YOUR OBJECTIVE: The listing is to be repeated exactly, and its pictures are to be left out.

GIVEN INFORMATION:
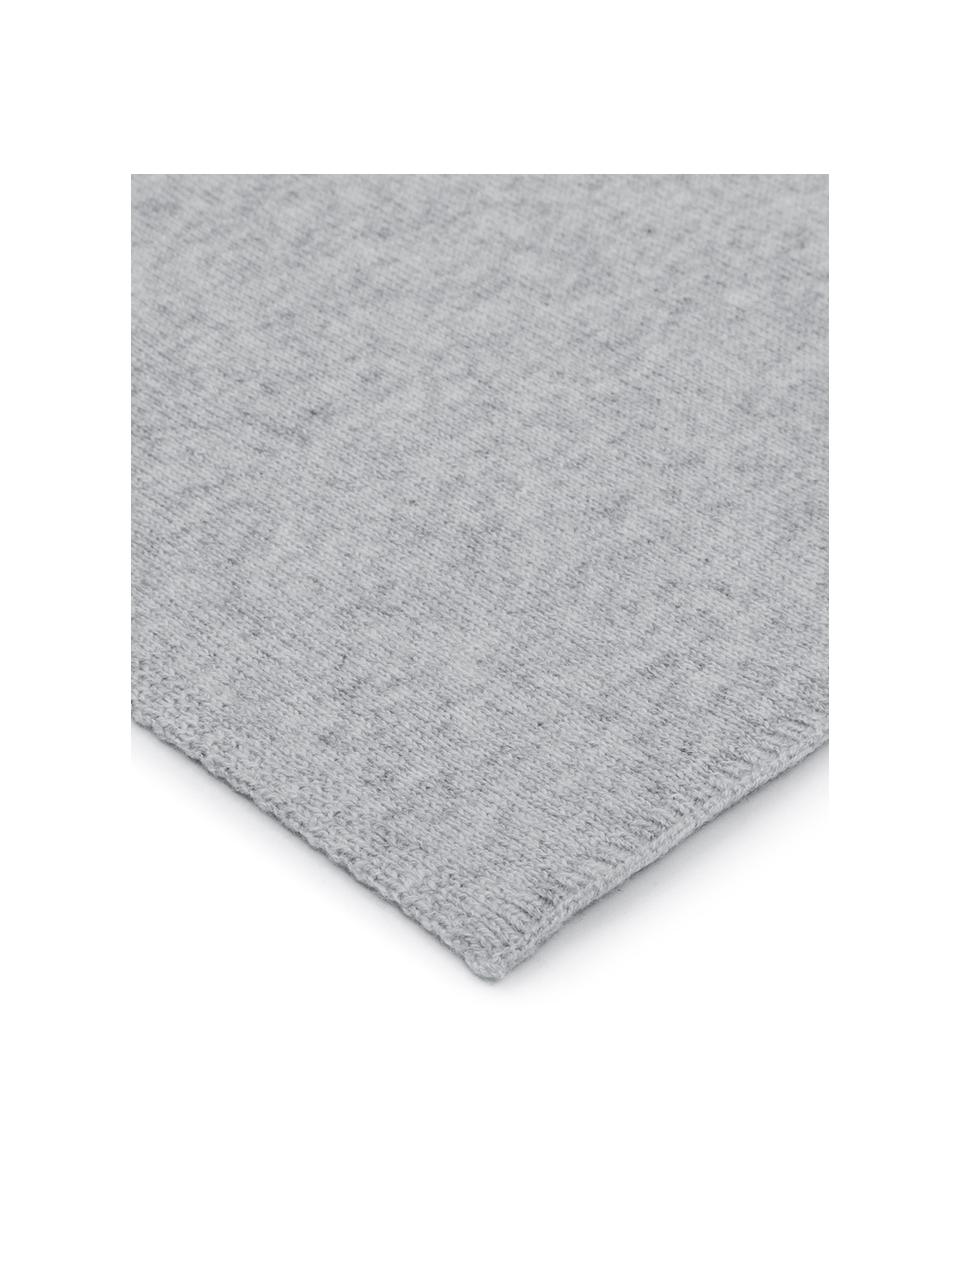 Plaid gris clair en cachemire à fine maille Viviana, 70 % cachemire, 30 % laine de mérinos, Gris clair, larg. 130 x long. 170 cm
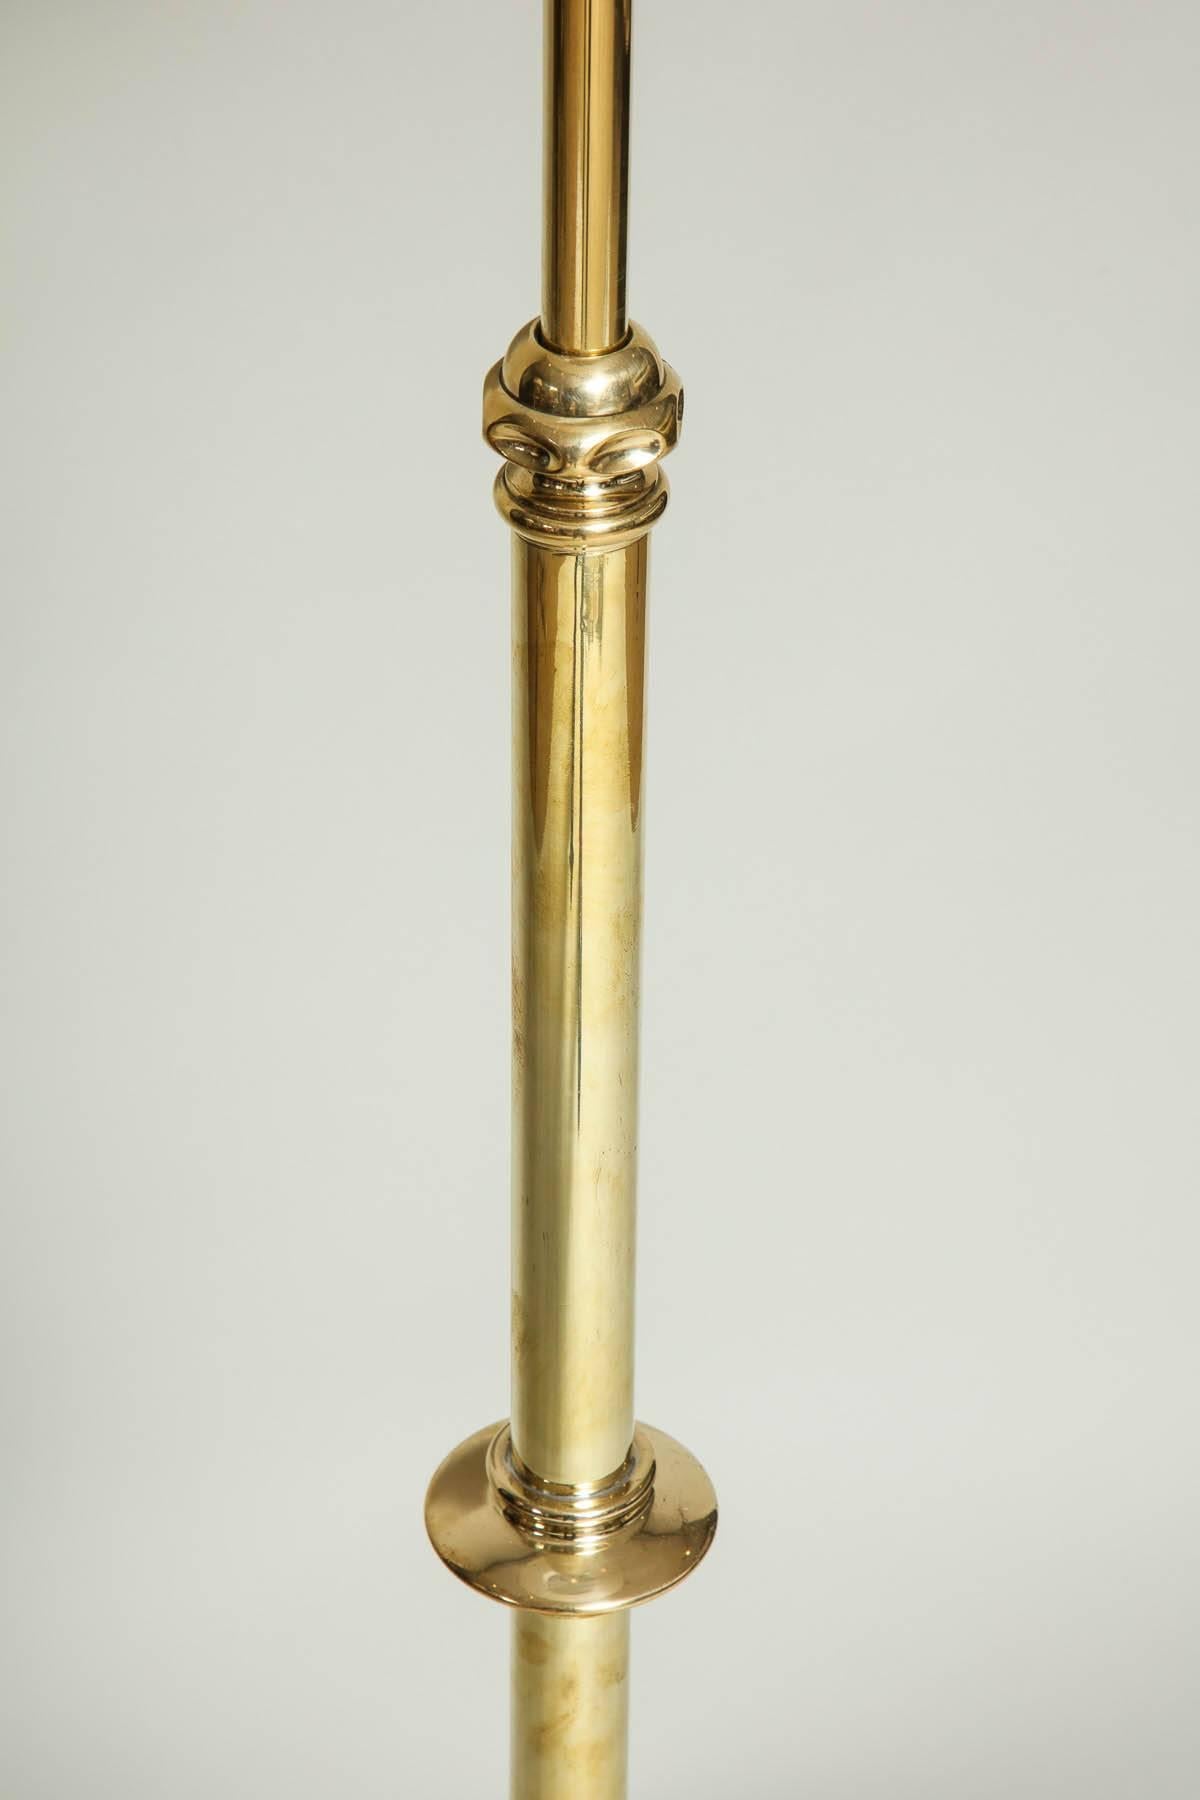 Great Britain (UK) Adjustable Brass Floor Lamp
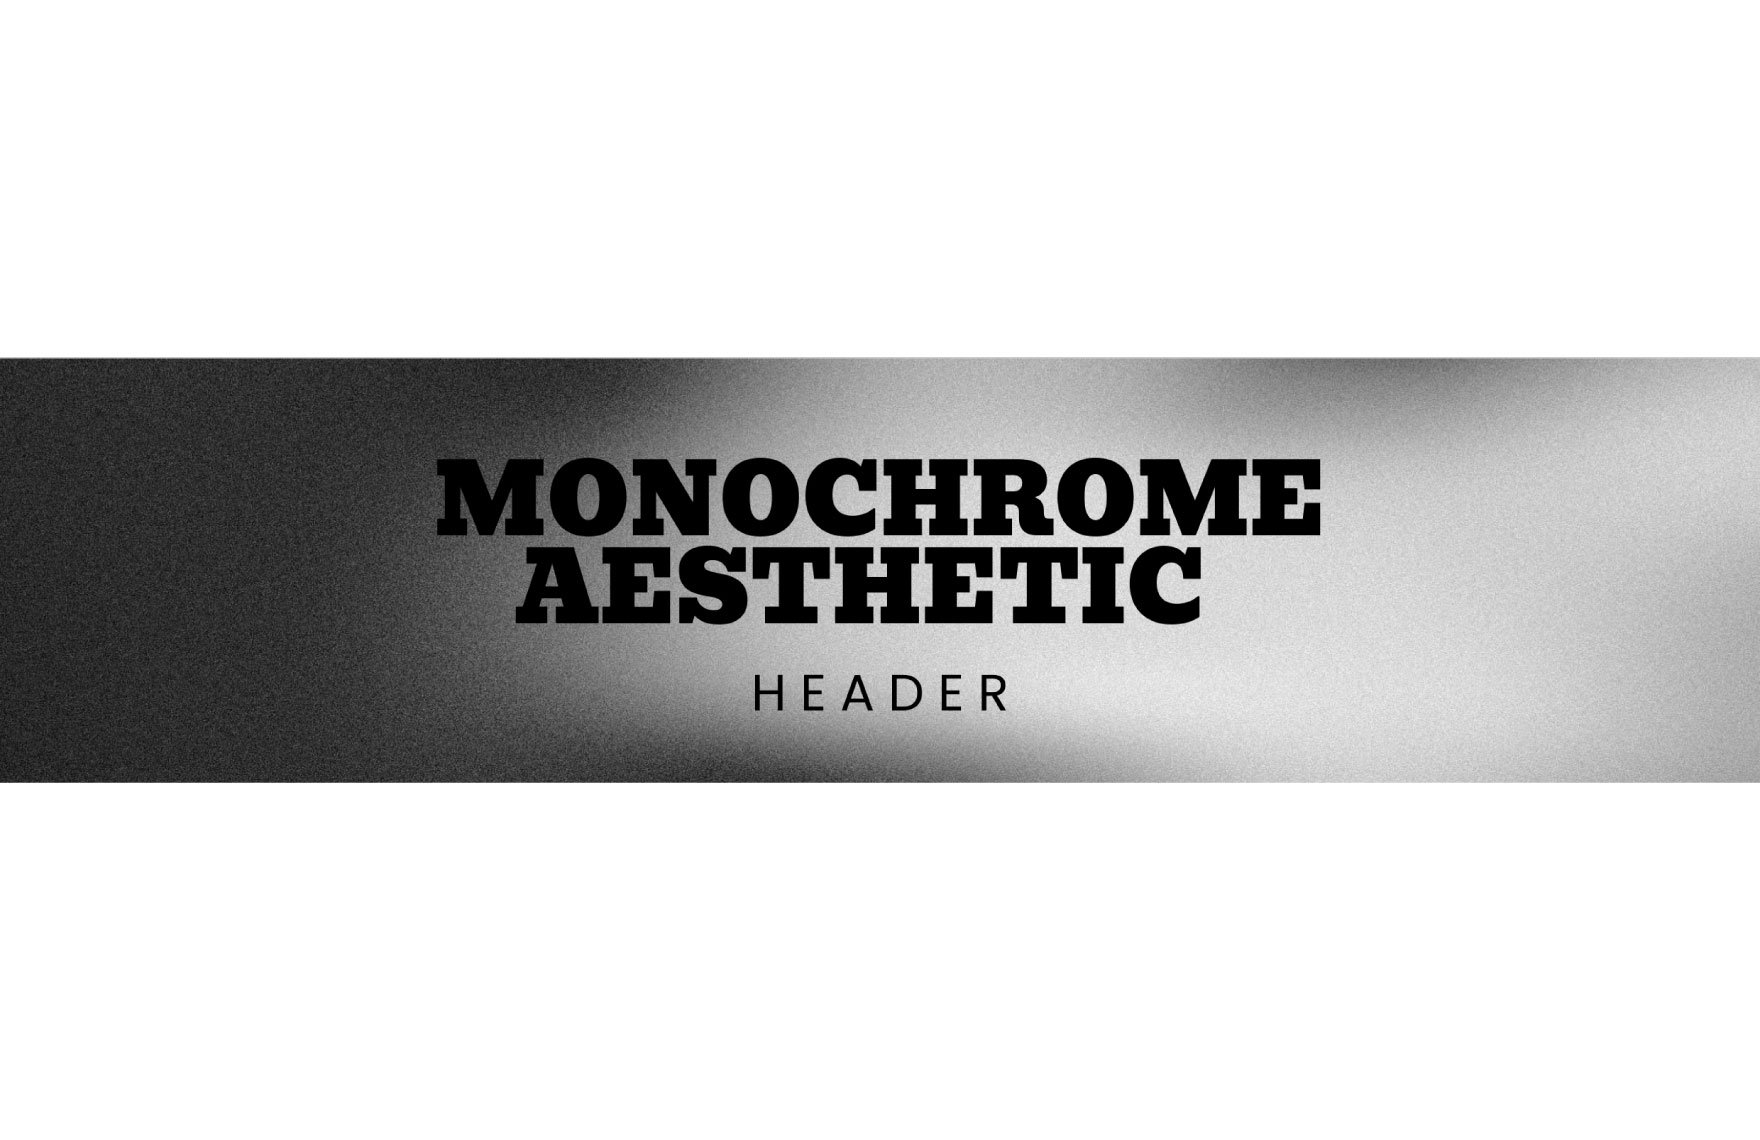 Monochrome Aesthetic Header
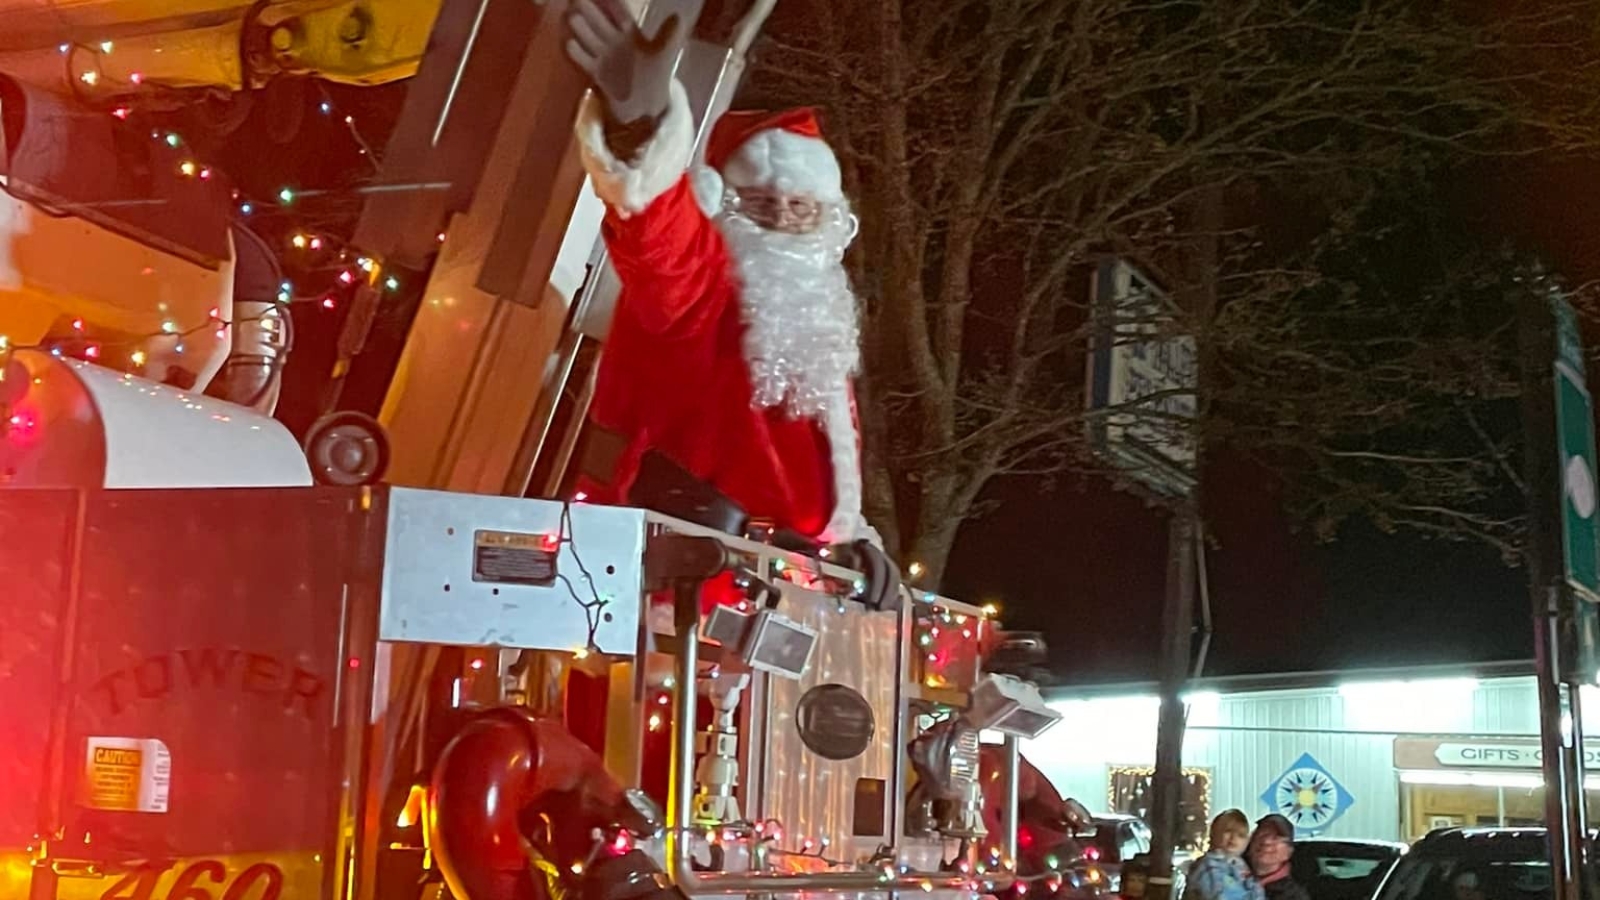 Santa waving during parade in Randolph

EXERCISE ANSWER:
 Plaid gris clair en cachemire à fine maille Viviana, 70 % cachemire, 30 % laine de mérinos, Gris clair, larg. 130 x long. 170 cm
 Great Britain (UK) Adjustable Brass Floor Lamp
 Monochrome Aesthetic Header
 Santa waving during parade in Randolph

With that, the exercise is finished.